The proposed Cactus Club Café has no plans to offer valet parking, said Granum, since it’s located in the Back Bay, which is “more of a walking neighborhood,” while the building also offers ample underground parking.
Granum added that the restaurant currently has no plans for entertainment but would offer ambient music at low volumes, although in some markets, like Toronto, the Cactus Club Café has a deejay playing the same music on a Friday or Saturday night.
Elliott Laffer, chair of NABB’s board of directors, advised the applicant that they would need to obtain a separate entertainment license from the city to host a deejay at the proposed Back Bay restaurant, and that happy hours aren’t legally permitted in Massachusetts.

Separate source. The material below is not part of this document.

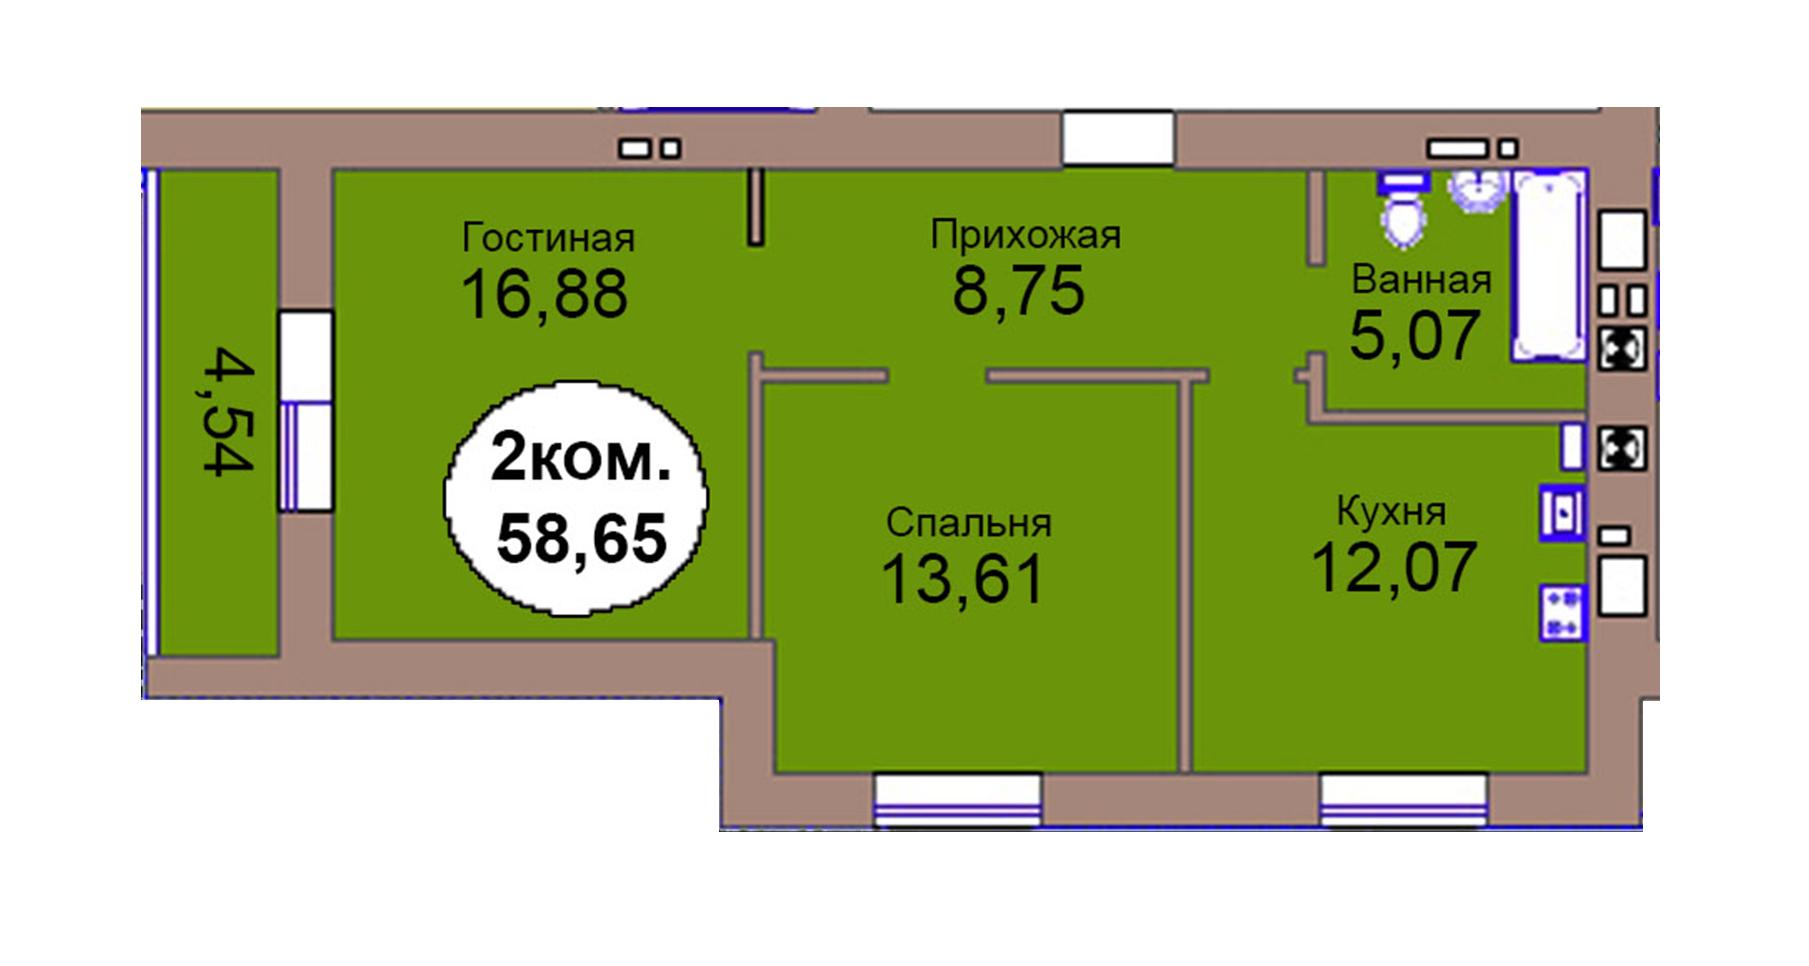 2-комн. кв. по пер. Калининградский, 4  кв. 116 в Калининграде

Even though proposed signage is outside of the purview of the committee, Laffer also advised the applicant that a sign as big as what had been proposed would be “really unusual around here.” Granum replied they are working with the landlord to find more appropriate signage.
The original Cactus Club, meanwhile, had been in business at 939 Boylston St., since the 1980s, offering Tex Mex fare and its signature margaritas, before closing in 2014.
Granum said his restaurant group, which registered the ‘Cactus Club’ name years ago, was aware of the other Cactus Club and had even talked with the owner of the erstwhile Boston restaurant at one point.
In another matter, the committee heard from the would-be operator of the proposed Sushi by Bosso Ramen Tavern, which intends to open in the former lower-level home of the Double Zero plant-based pizzeria at 163 Newbury St.
Yasu Sasago, who owns and operates another location of Sushi by Bosso Ramen Tavern on Holyoke Street in Cambridge’s Harvard Square, said the Back Bay restaurant would offer sushi, in addition to Scandinavian and Northern European dishes, and that its proposed hours of operation are 9 a.m. to midnight daily.
The restaurant would seat a total of 91 patrons, with 65 seats inside and another 26 seats outside on the patio, said Sasago, who added that the establishment would only be getting only a cosmetic upgrade, which would include the installation of lanterns.
Although it intends to obtain the liquor license previously held by Double Zero from the landlord via Bankruptcy Court, the proposed Back Bay restaurant has already filed with the city for a Common Victualler (CV) license and plans to offer just food upon opening until it can secure its liquor license, said Nicholas Zozula, the applicant’s attorney.
While the applicant said it would be bound to the same restrictions on trash and storage as Double Zero previously was, Laffer advised them that “pickup times are really important” and urged them to adopt a pickup time later than 9 a.m. so as not to disrupt neighboring residents.
Conrad Armstrong, committee chair, told both applicants he would notify them on Friday of NABB’s determinations on their respective applications. He also advised Sasago that he would be expected to return to the committee once a hearing date has been scheduled with the city for the pending liquor license.